━━━ Source material ━━━

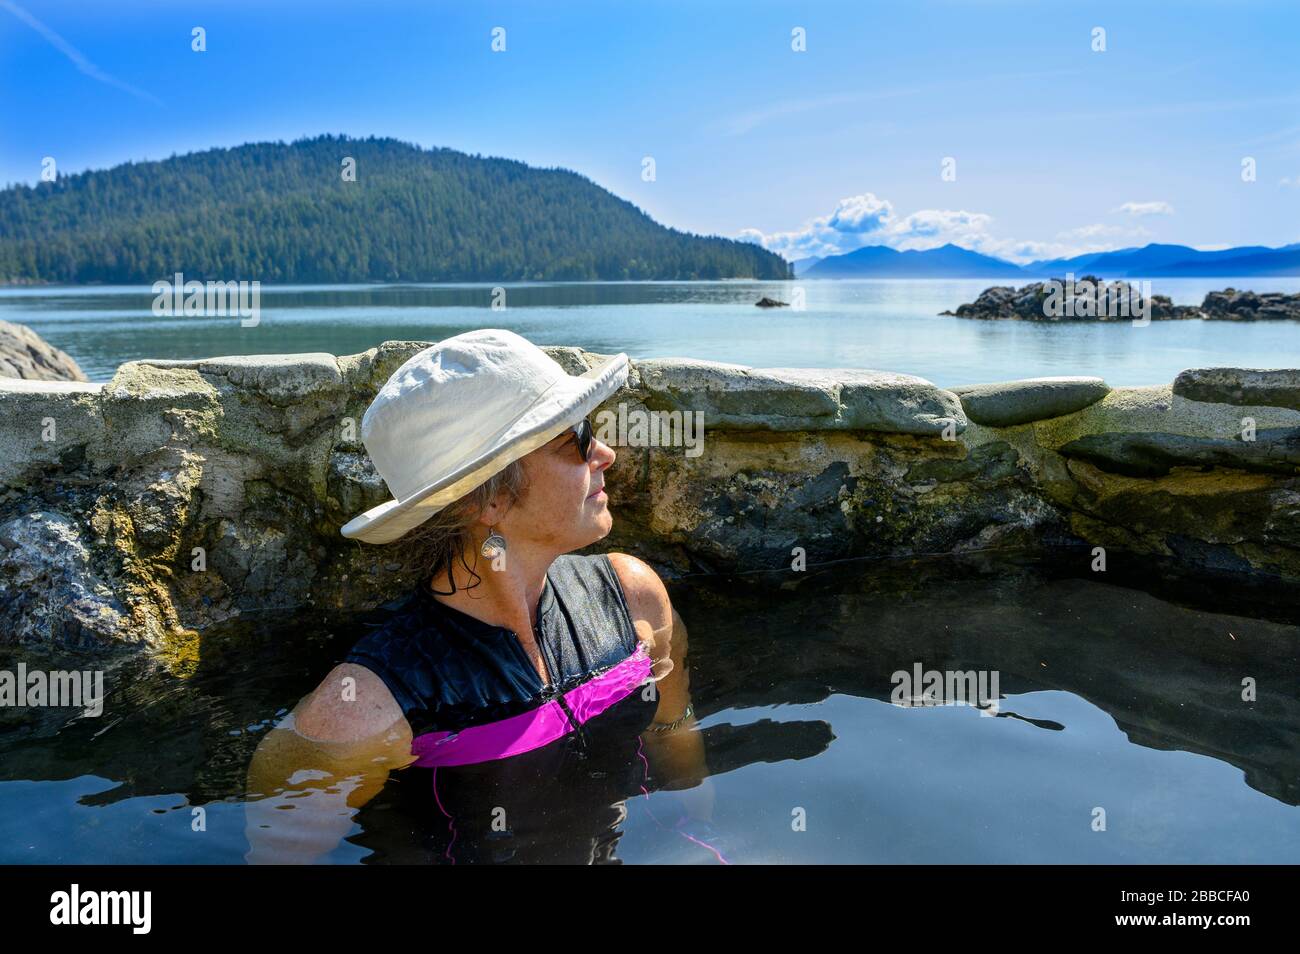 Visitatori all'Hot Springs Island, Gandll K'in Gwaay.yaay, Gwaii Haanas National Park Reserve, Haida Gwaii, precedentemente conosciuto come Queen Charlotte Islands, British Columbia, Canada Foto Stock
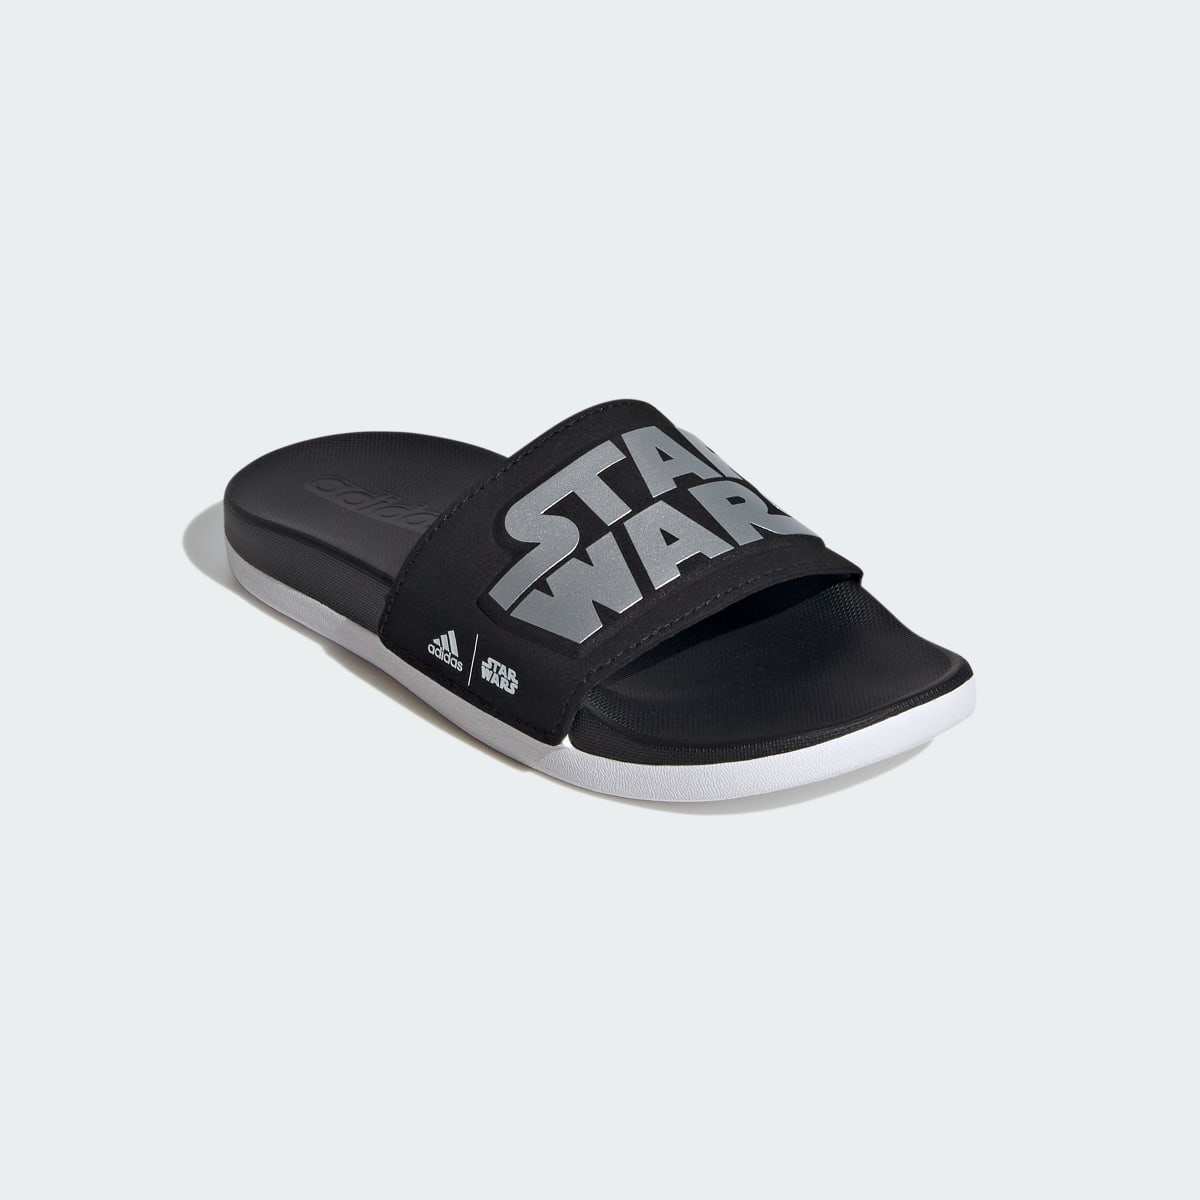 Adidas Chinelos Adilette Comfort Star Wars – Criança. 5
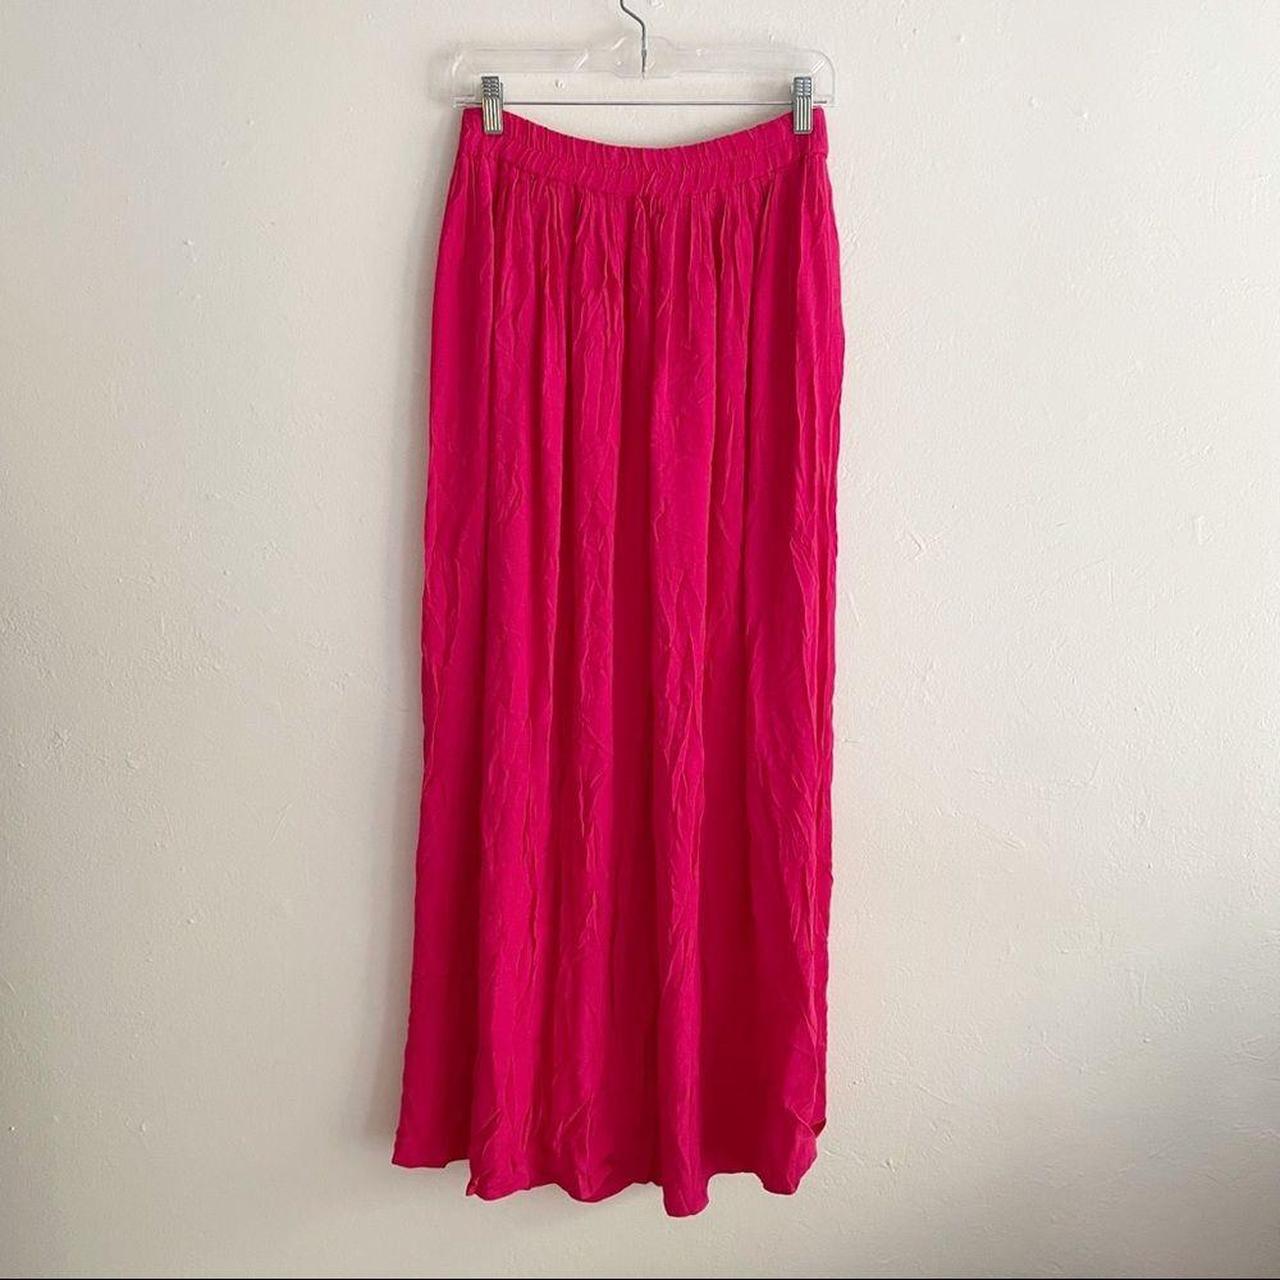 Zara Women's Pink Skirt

━━━

» Exercise brief: Without the pictures, write out the whole listing exactly as it appears.

» Exercise response:
 Visitatori all'Hot Springs Island, Gandll K'in Gwaay.yaay, Gwaii Haanas National Park Reserve, Haida Gwaii, precedentemente conosciuto come Queen Charlotte Islands, British Columbia, Canada Foto Stock
 Adidas Chinelos Adilette Comfort Star Wars – Criança. 5
 Zara Women's Pink Skirt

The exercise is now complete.